Added to this are the economic consequences of this political geography. Canada is heavily dependent on the US market and experiences a relatively high level of capital and labor mobility across its borders. Australia has more diversified export destinations and was able to avoid the worst of the financial crises which engulfed many of its Asian neighbors in 1997.

The tyranny of distance in Australia’s case and the tyranny of proximity in Canada’s may therefore provide an important part of the explanation of the differences between them in terms of debates over monetary unions.

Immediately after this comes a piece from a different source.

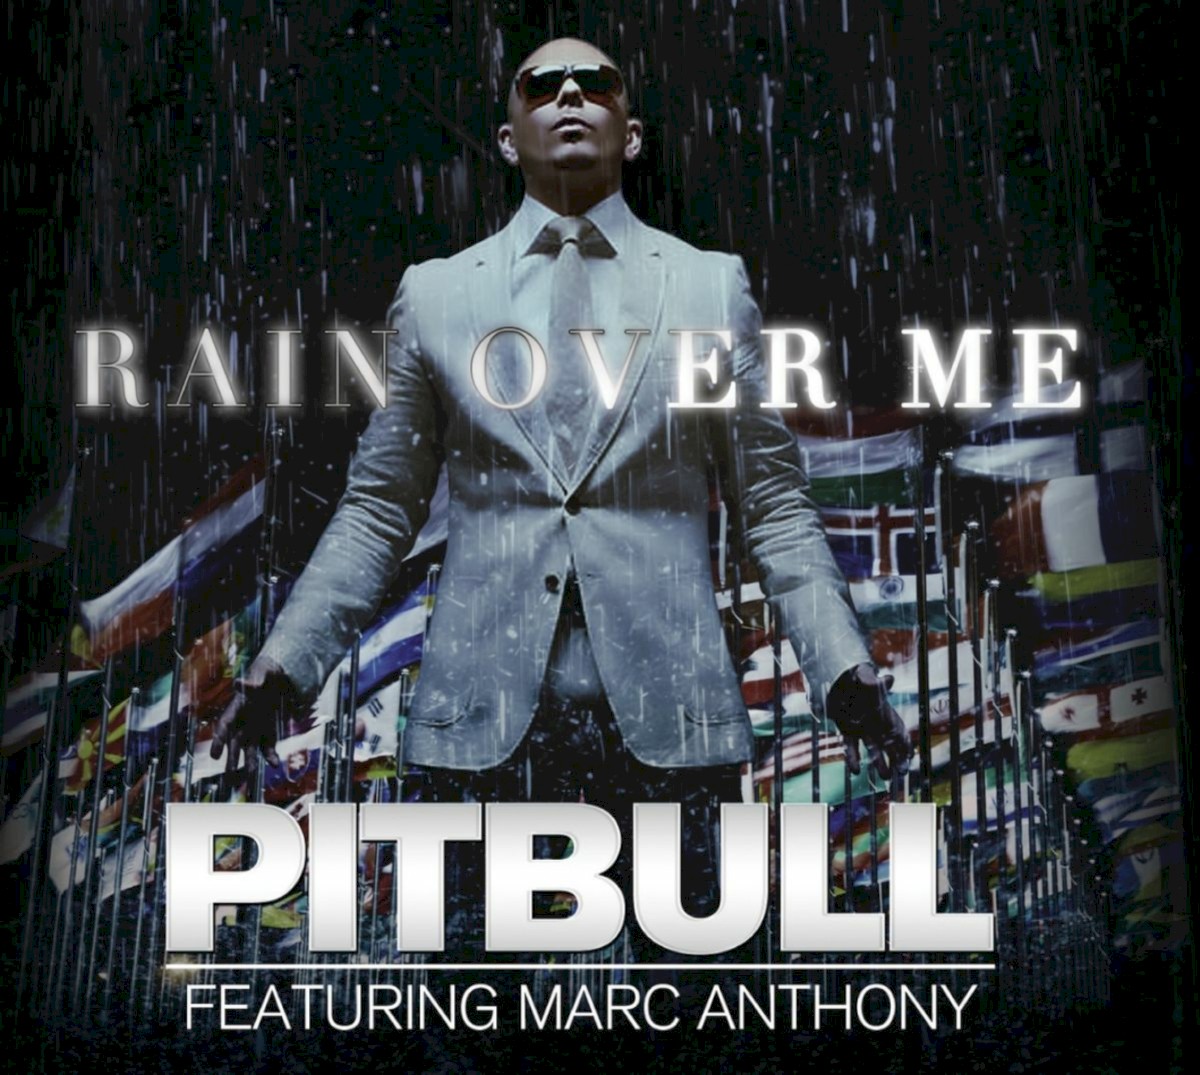 Pitbull ft. featuring Marc Anthony Rain Over Me cover artwork

This argument has implications for how to view the British case. It is useful, not so much for asking whether Britain will or should join the euro, but for analyzing why Britain has proved more reluctant than many of her European neighbors to embrace monetary union. Howarth (2003) provides a useful starting point in this respect. He identifies a number of different approaches which have been taken to explain what he terms “British reluctance” (2003: 3) to join the euro. The analysis presented here lends credence to some of those approaches. Firstly, the importance of geography adds weight to those analyses of the British case which stress the role of the “politics of semi-detachment” or of being “‘semi- detached” from the continent” (Bulmer 1992 cited in Howarth 2003: 3). This politics is influenced by the broad array of “geographical” factors discussed here and provides a degree of “distance” to the monetary union debate not present in some of the other EU countries. This “distance” is reflected, for example, in strong cultural affinities across the Atlantic as well as across the English Channel and in a lower level of intra-EU trade in services in Britain than in other continental EU members. The EU may constitute a large economic unit but the question of how “close” a neighbor it represents for Britain remains open for debate and finds expression in the “politics of semi-detachment”.

Secondly, the argument of this paper would also lend credence to the importance of considering further the importance of a “geo-strategic” approach to understanding the British case, an approach which Howarth argues “few analyses examine closely” (2003: 10) despite its potential to serve as an “initial analytical tool” (ibid).